Makeover of Belchertown High’s STEM program continues; Sen. Lesser visits

  • State Sen. Eric Lesser looks at Belchertown High School’s new robotics equipment, which was purchased using funding from a $100,000 state grant, along with STEM teachers Manuela LeBlanc and Clay Hennessy.  STAFF PHOTO/JACQUELYN VOGHEL

  • Belchertown High School STEM teachers Manuela LeBlanc and Clay Hennessy show state Sen. Eric Lesser the school’s new laser cutter, which was purchased using funding from a $100,000 state grant. STAFF PHOTO/JACQUELYN VOGHEL

  • State Sen. Eric Lesser speaks with a Belchertown High School class after visiting the school for an update on its STEM program.  STAFF PHOTO/JACQUELYN VOGHEL

Staff Writer
Published: 10/16/2018 3:56:33 PM

BELCHERTOWN — Belchertown High School’s science, technology, engineering and math program is in the process of a high-tech makeover thanks to a $100,000 state grant.

In 2016, state Sen. Eric Lesser, D-Longmeadow, secured the grant for expanding the high school’s STEM program, which the school received over the summer.

On Tuesday morning, Lesser visited the high school to speak with educators about the new equipment and other plans for the program. It was one of four scheduled stops for the senator throughout the day in Belchertown, which also included visits to the UMass Cold Spring Orchard; the “Nest,” a Belchertown SOARR (Speaking Out About Addiction & Recovery) resource center; and a MassDevelopment briefing on the future of the Belchertown State School property.

A laser cutter, three 3-D printers, robotics equipment, a dust collector, green screen technology and woodworking table saws are all among the new additions to the high school’s STEM program.

Standing in a classroom with some of the new equipment, Lesser called the project “about as good a use of taxpayer dollars as we’re ever going to find.”

“My feeling is if you have just one kid that gets inspired to enter this field and start a business locally or wants to join a company locally… it’s worth it,” Lesser said.

Manuela LeBlanc, a math teacher at Belchertown High, said that students are eager to take advantage of the new technology.

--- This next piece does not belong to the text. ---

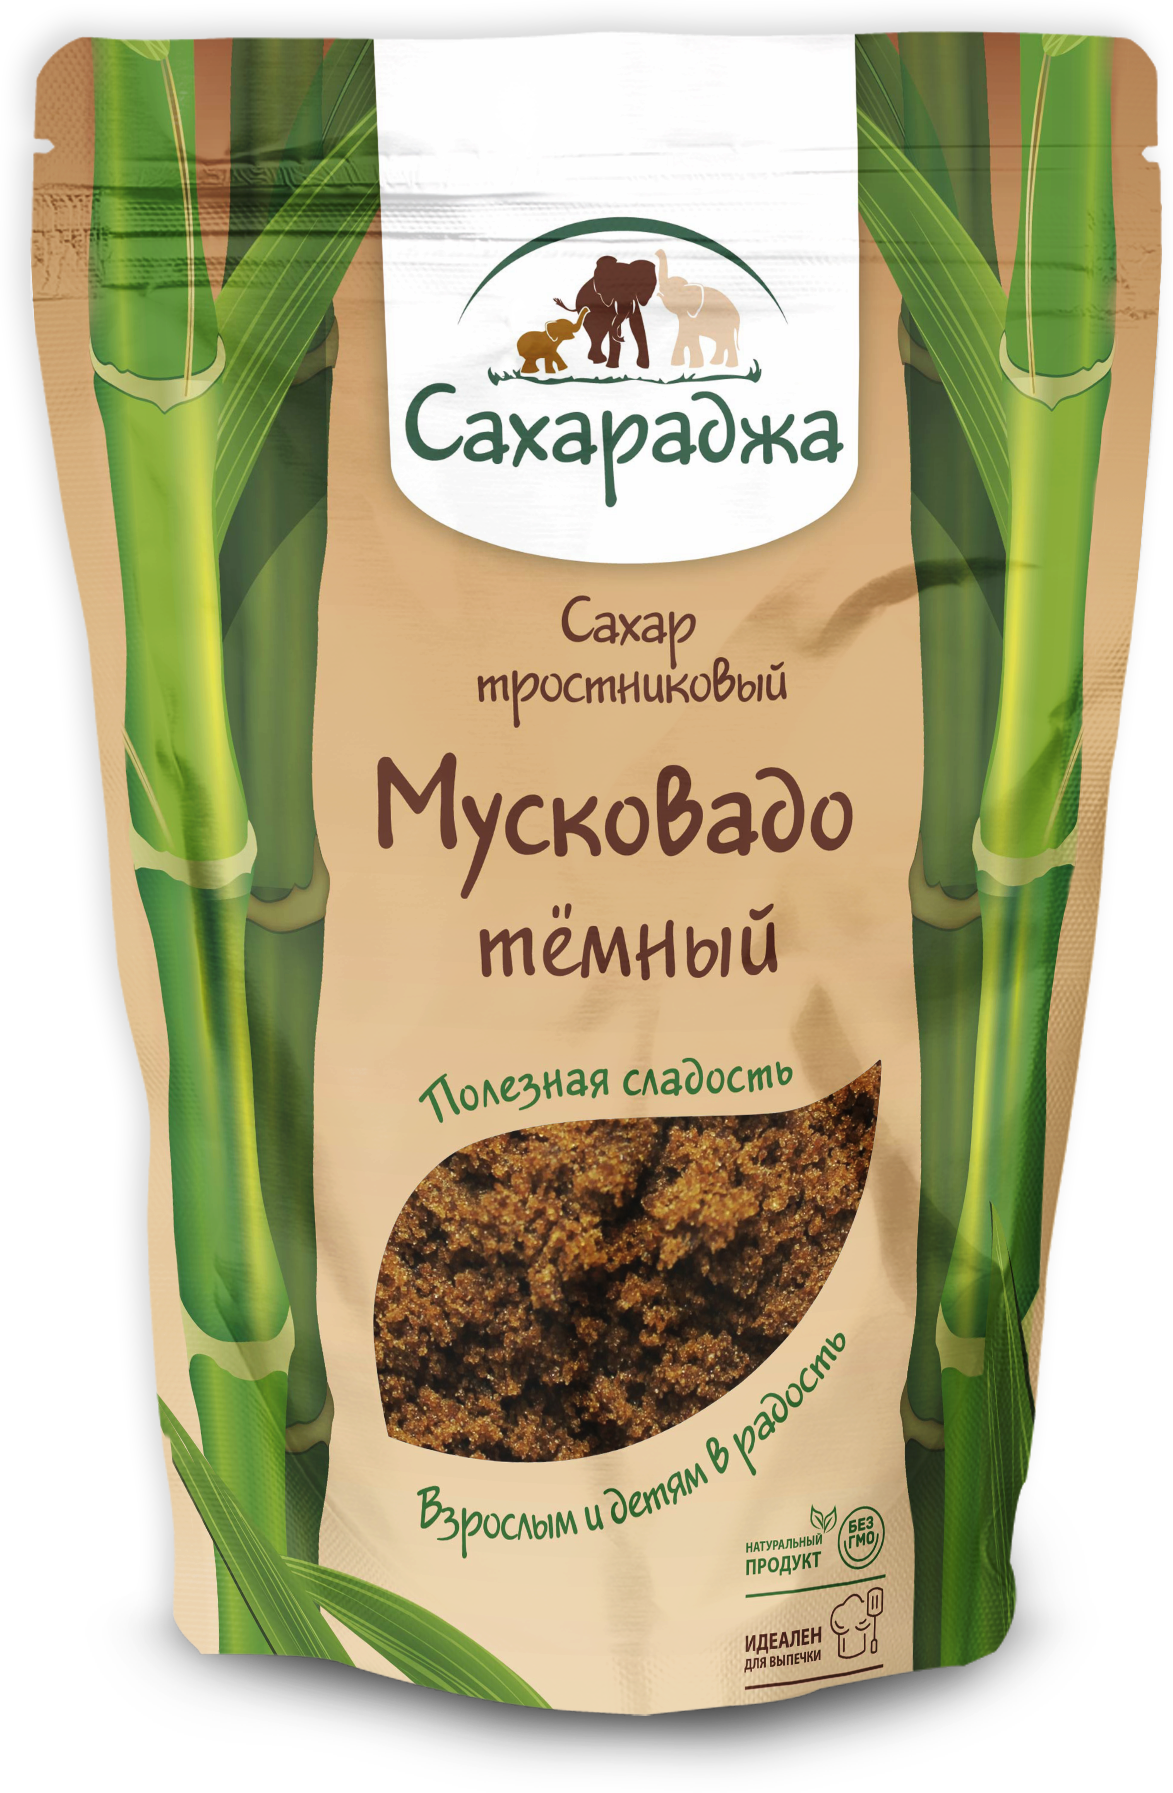 Сахар тростниковый Мусковадо тёмный "Сахараджа" 450 гр.

The program is expected to fully launch next school year.

“Every time (students) walk by they’re trying to look in, like ‘When is that going to be done?’” LeBlanc said. “So the interest is very high. Just from last year to this year the enrollment was quite a jump.”

Although overall enrollment in the program has risen, STEM teachers Clay Hennessy and Kyle Landrio said that they are still working to encourage greater diversity among students in the program.

“We’re trying to get females and underrepresented minorities involved in computer science, because it’s such an untapped resource,” Hennessy said. “The boys outnumber the girls… It’s a huge imbalance.”

The educators are also hoping to integrate the new equipment with classes outside of the STEM program.

“We want to implement it in as many classes throughout the school as possible, not just one specific subject… whoever can come up with anything we can integrate, that’s our goal,” LeBlanc said.

Landrio, who coordinates the STEM program, said that the school has made use of nearly all of the funding. Around $300 to $600 remains, but is earmarked for robotics equipment.

“I think we accounted for all but $1.83 of (the grant),” Landrio said.

With the grant, which was written to cover equipment costs, the school was able to purchase all of the “big-ticket items,” Landrio said, although they still need to purchase furniture, which is not included with the money.

The school hopes to have most of the equipment set up by the end of the school year, according to LeBlanc.